Safest then to keep silent, and to wait as Amonmose waited, though the time seemed endless. A servant came with food and drink—fortunate for Amonmose; Kemni’s stomach growled like a dog, demanding its own dinner. But that he could not give it until this thing was done.
More than once Kemni knew that Gebu had guessed that all was not what it seemed; that the true messenger had been found, or had escaped; that—worst of all—Iphikleia had died while he sat there in useless stillness, waiting for the game to be ended.
He was perilously close to leaping up and bolting when Gebu’s steps returned. They were brisk, no slowness of reluctance, and he was alone as before. No guards to destroy the impostor.
“My lord,” Amonmose said, with a rustle as if he rose from where he had been sitting.
“Sit, sit,” Gebu said. “Here, I’ve brought what you’re to carry. Be sure you keep it safe.”
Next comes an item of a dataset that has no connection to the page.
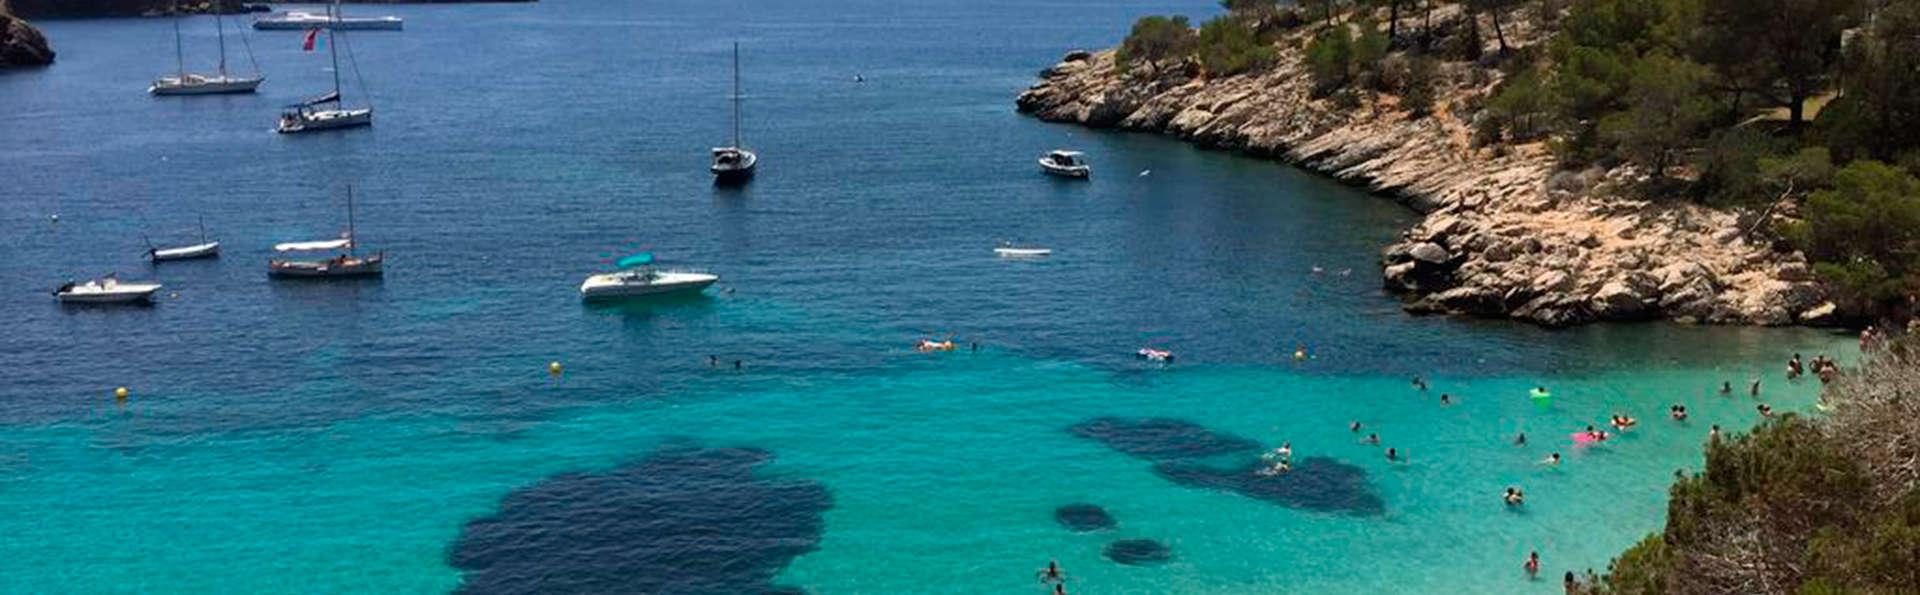 Bain de soleil au bord de la mer Méditerranée sur les plages de Lloret de Mar (à partir de 2 nuits)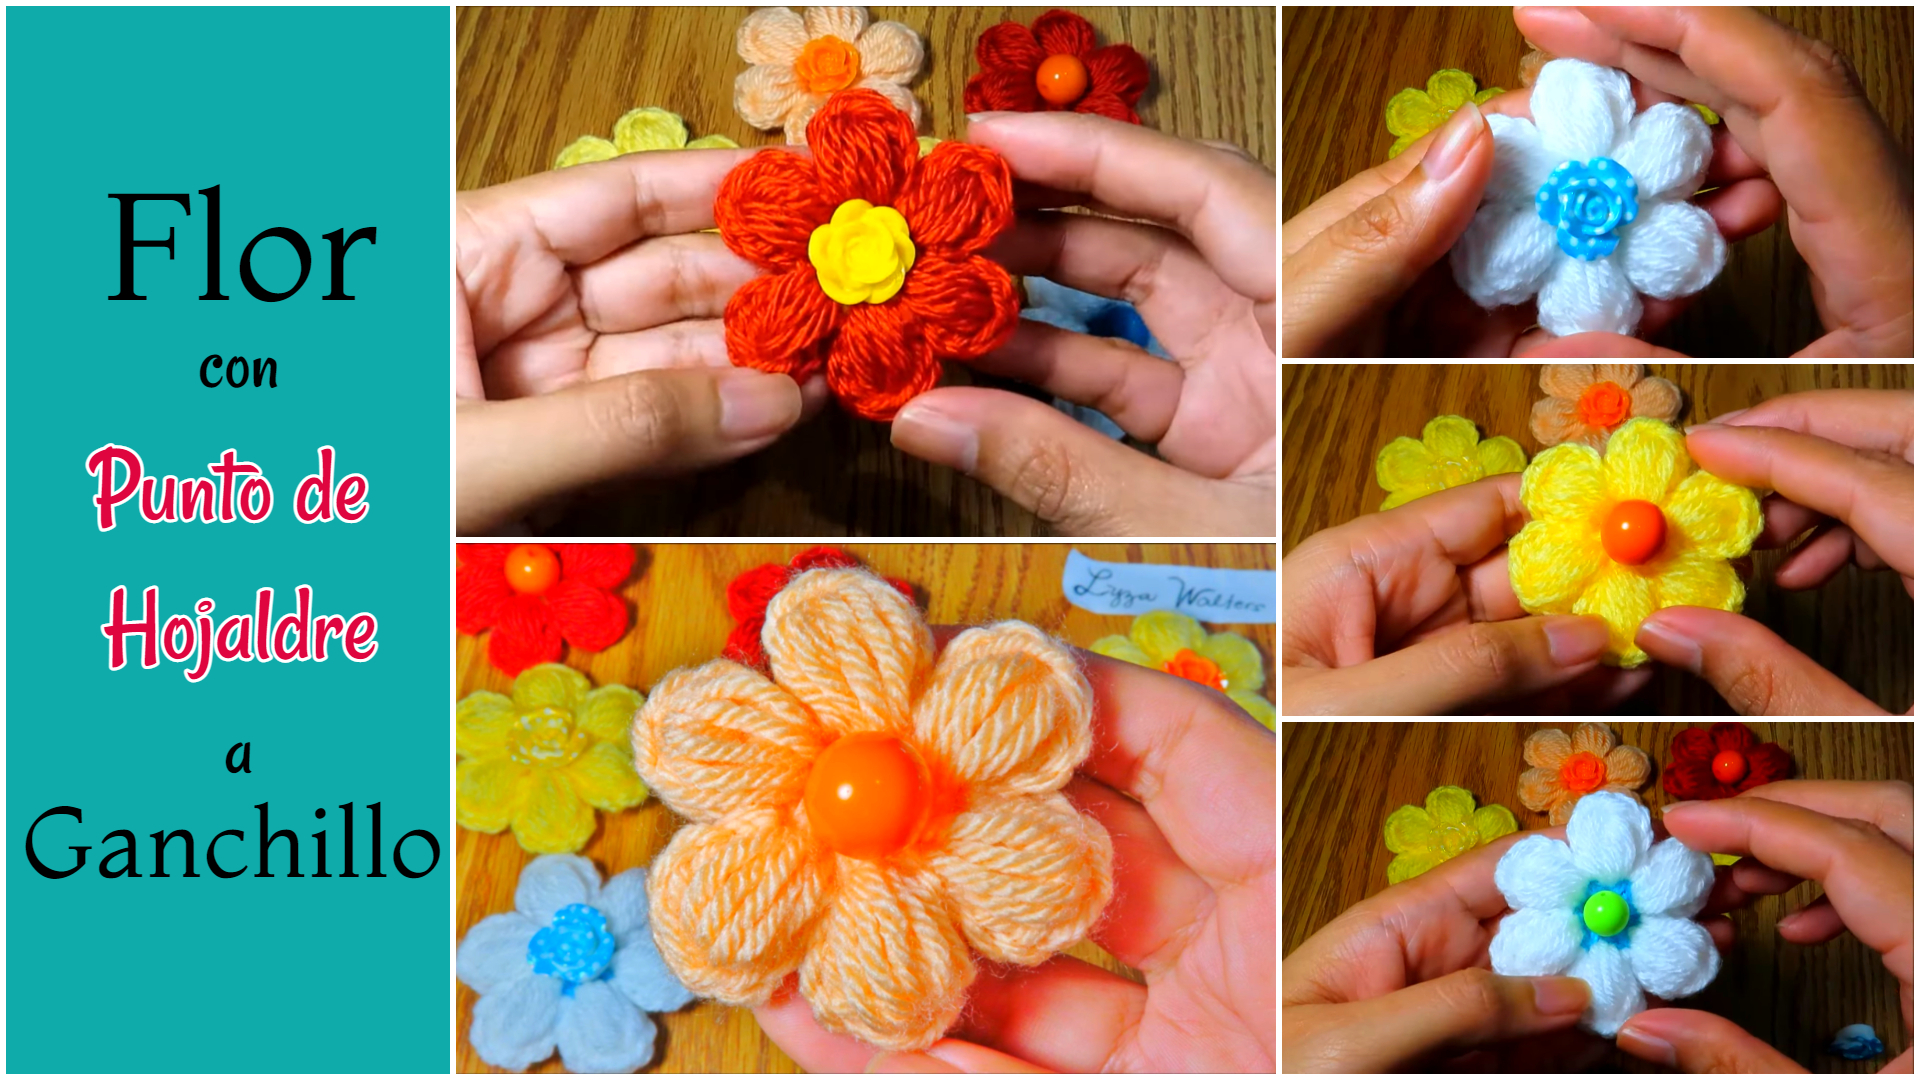 Flor con Punto de Hojaldre a Ganchillo

“As always, my lord,” Amonmose said.
“Well then,” said Gebu. “The gods protect you, and favor your journey.” It was a dismissal—and such a one as to knot Kemni’s belly.
As if any god could favor such treason. As if any god would.
V
Amonmose left the room as he had been instructed, and let Gebu think that he had found his way out through one of the gardens with Gebu’s guidance. But once Gebu was well deceived, Amonmose found Kemni where they had agreed to meet, in a stable outside the wall, new-built and occupied by only a handful of horses.